É importante enaltecer que um dos pilares do Naturalismo foi a adoção de princípios mecanicistas e deterministas, que influenciaram a cultura na segunda metade do século XIX. A corroborar, citem-se as palavras do fisiologista Claude Bernard81 – “O determinismo é absoluto tanto para os fenômenos dos corpos vivos como para os dos corpos brutos82” –, a par do trecho do soneto Eu (1935), de Augusto dos Anjos – “(...) Duras leis as que os homens e a hórrida hidra / a uma só lei

biológica vinculam (...)”. Para Augusto dos Anjos83, aliás, a diversidade da realidade se unifica por leis universais e absolutas, o que explicaria, por exemplo, a inexorabilidade das transformações, do amanhã e da morte.

4. IN CA SU

A expressão in casu tem a acepção de “no caso”, podendo ser livremente utilizada nos petitórios. Exemplo: Não pode

prosperar, “in casu”, o argumento expendido pelo Réu.

Ademais, pode ser substituída por expressões sinônimas, como: “no caso em tela”, “no caso em comento”, “no presente caso”, “no vertente caso” ou, ainda, insistindo no latim, “no caso ‘sub examine’”– expressão sobremodo elegante, que confere agradável som prosódico ao texto, devendo ser pronunciada como “sub eczâmine”. Traduz-se por “no caso em exame”.

Nos meios forenses, é comum a dúvida entre a grafia “sub examen” e “sub examine” quando se pretende dizer que a matéria está sendo examinada ou sob exame.

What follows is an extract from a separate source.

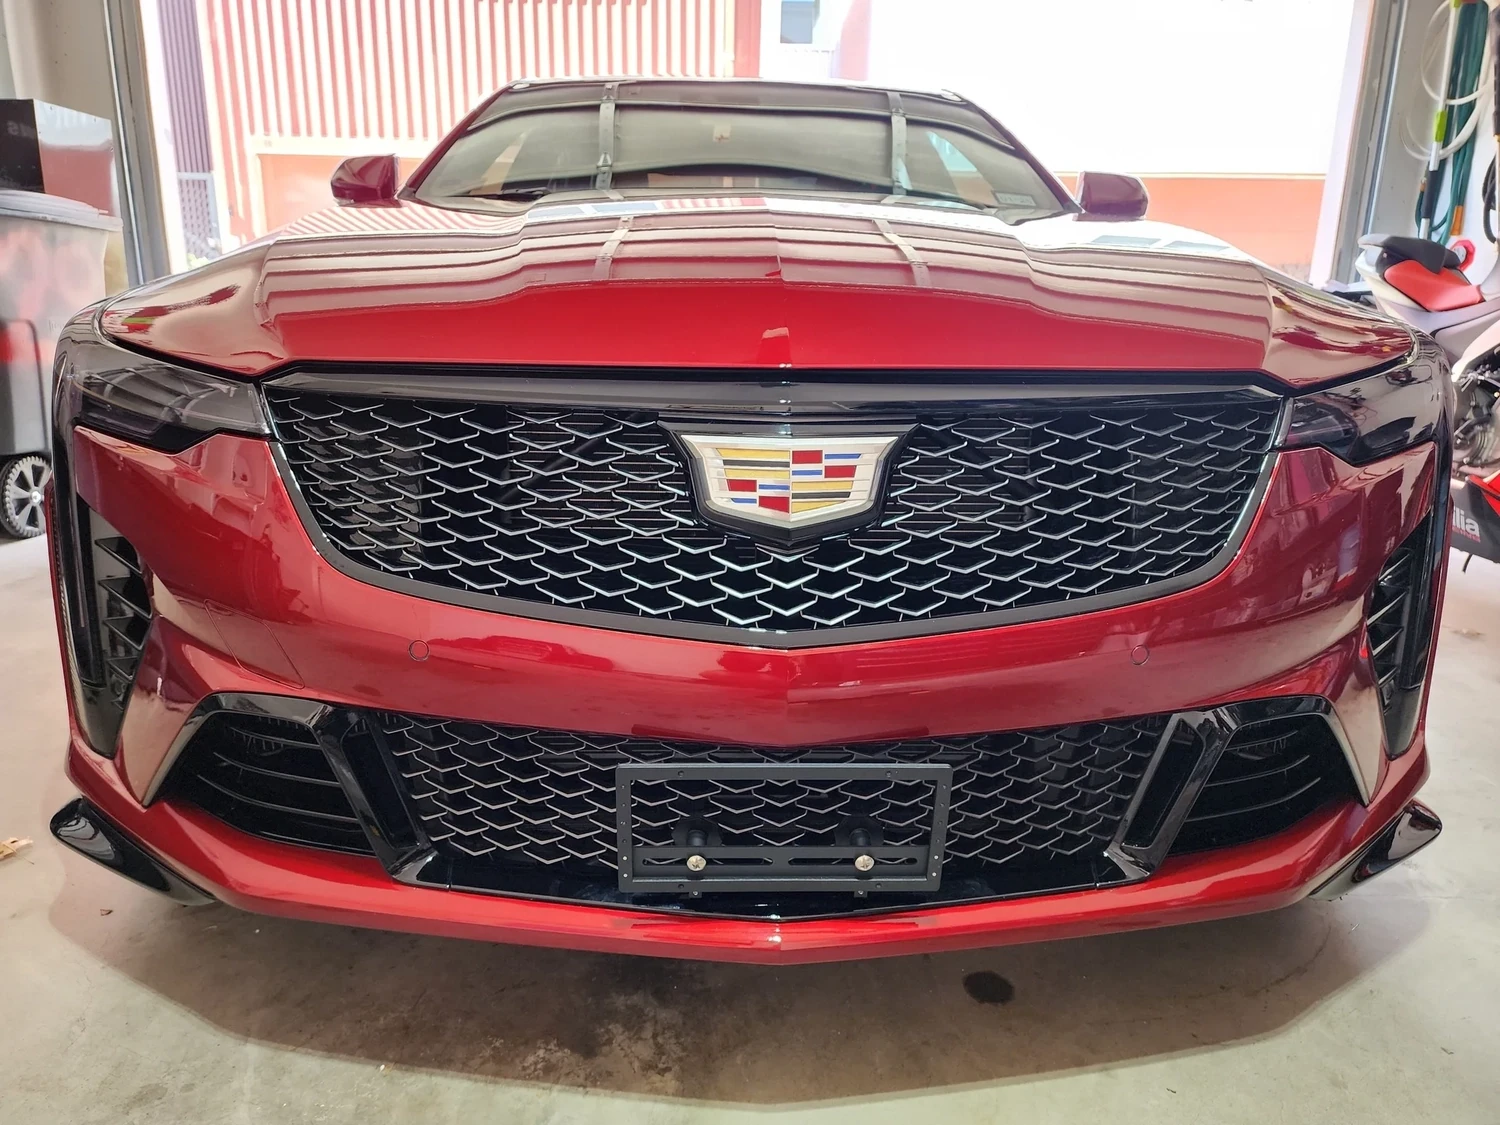 SLY BRACKET FOR CADILLAC CT4 WITH MESH STYLE LOWER GRILLE

Frise-se que, à luz do latim, é possível dirimir a dúvida por meio da análise de expressão latina similar: a locução adverbial “in limine” (ou seja, “desde logo, no início”), originada pelo substantivo “limen”, que significa “limiar, entrada”. O caso nominativo é “limen”; “liminis” é o genitivo e “limine”, o ablativo (caso latino que representa as palavras na função de adjunto adverbial, em que aparece uma preposição, como in, sub, de). Então, como “examen” e “limen” pertencem à mesma declinação (neutros da 3ª), temos, à semelhança de “limen”, “liminis” e “limine” os termos “examen”, “examinis” e “examine”. Consequentemente, redija-se “sub examine”.